### EXERCISE PROMPT
Output the lines of the listing below exactly, starting at the line containing "Stunning seascape at" and stopping after the last line, with any pictures dropped.

### RECORDED INFORMATION
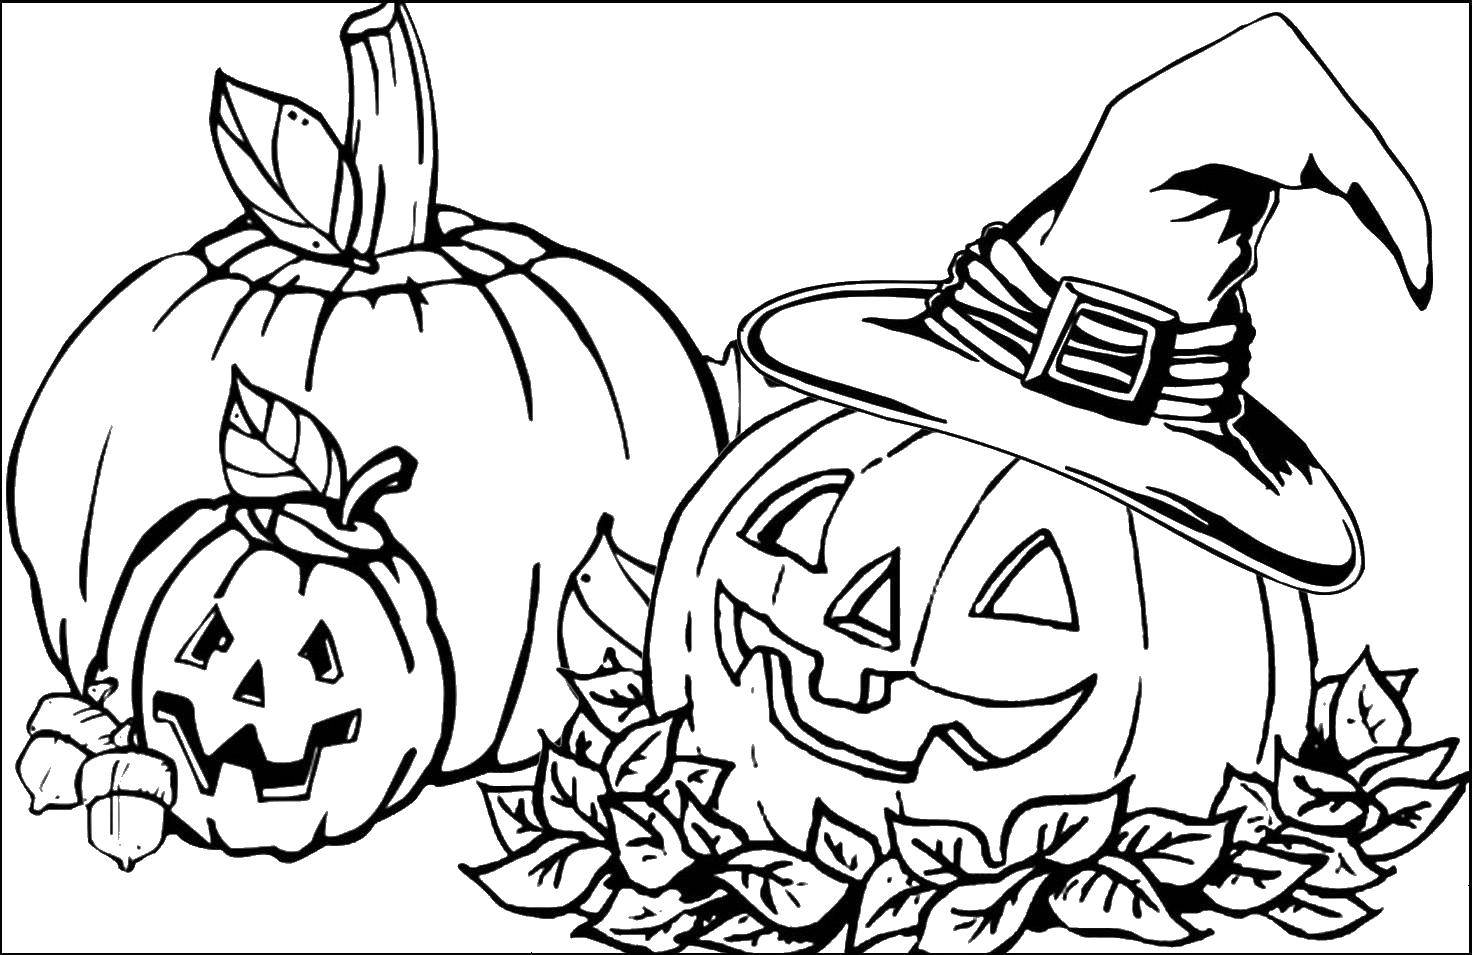 Coloring Pumpkin hats. Category Halloween. Tags:  Halloween, pumpkin.
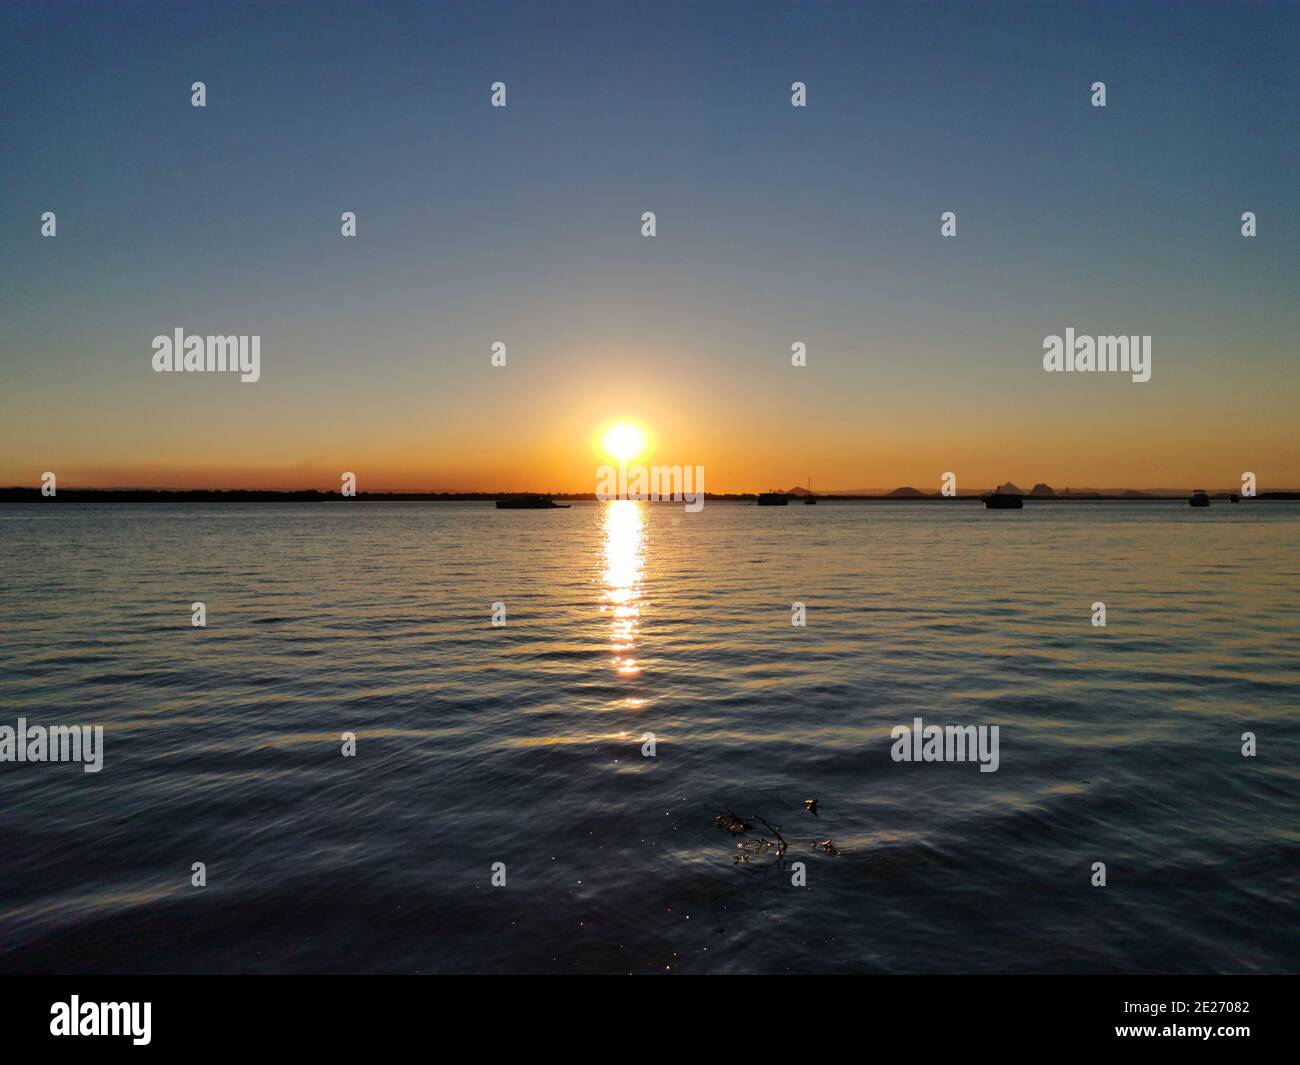 Stunning seascape at sundown reflecting on the water surface Stock Photo
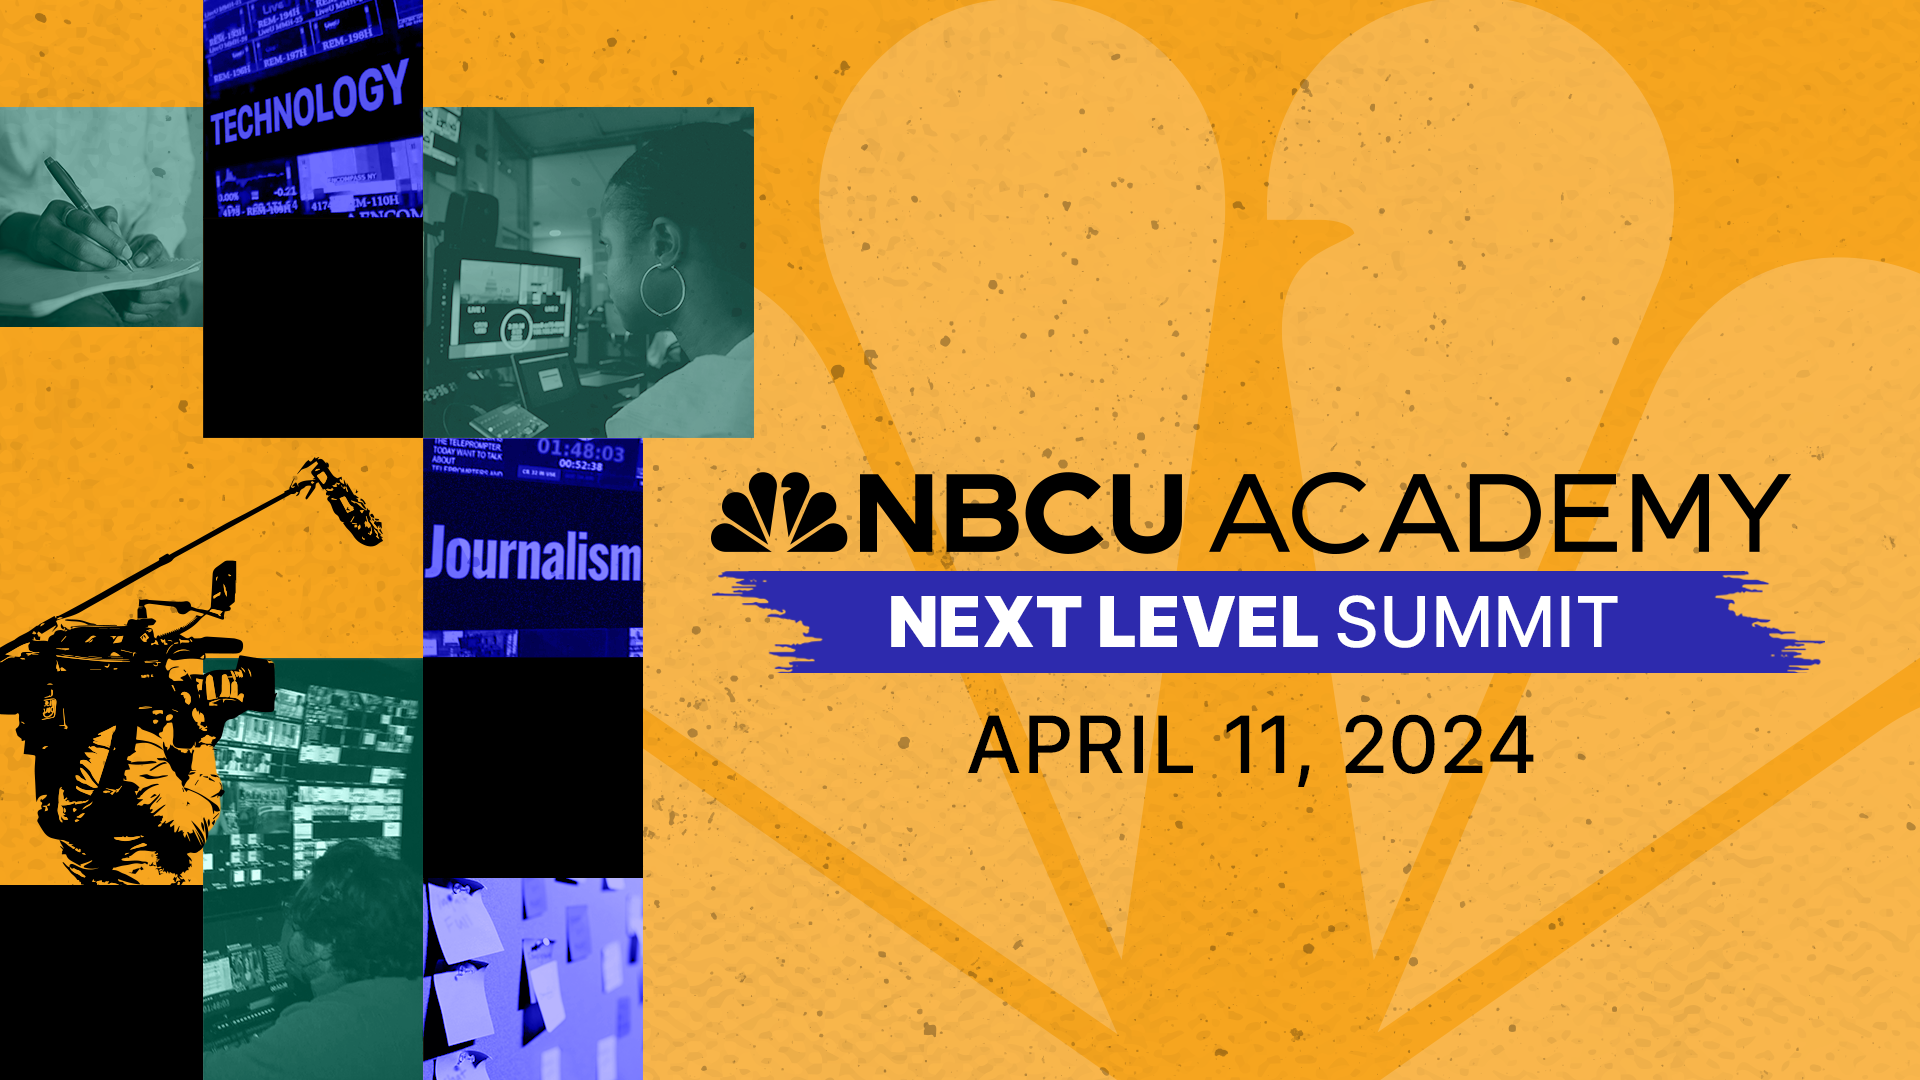 NBCU Academy Next Level Summit April 11, 2024

### RESPONSE TO THE TASK
 Stunning seascape at sundown reflecting on the water surface Stock Photo
 NBCU Academy Next Level Summit April 11, 2024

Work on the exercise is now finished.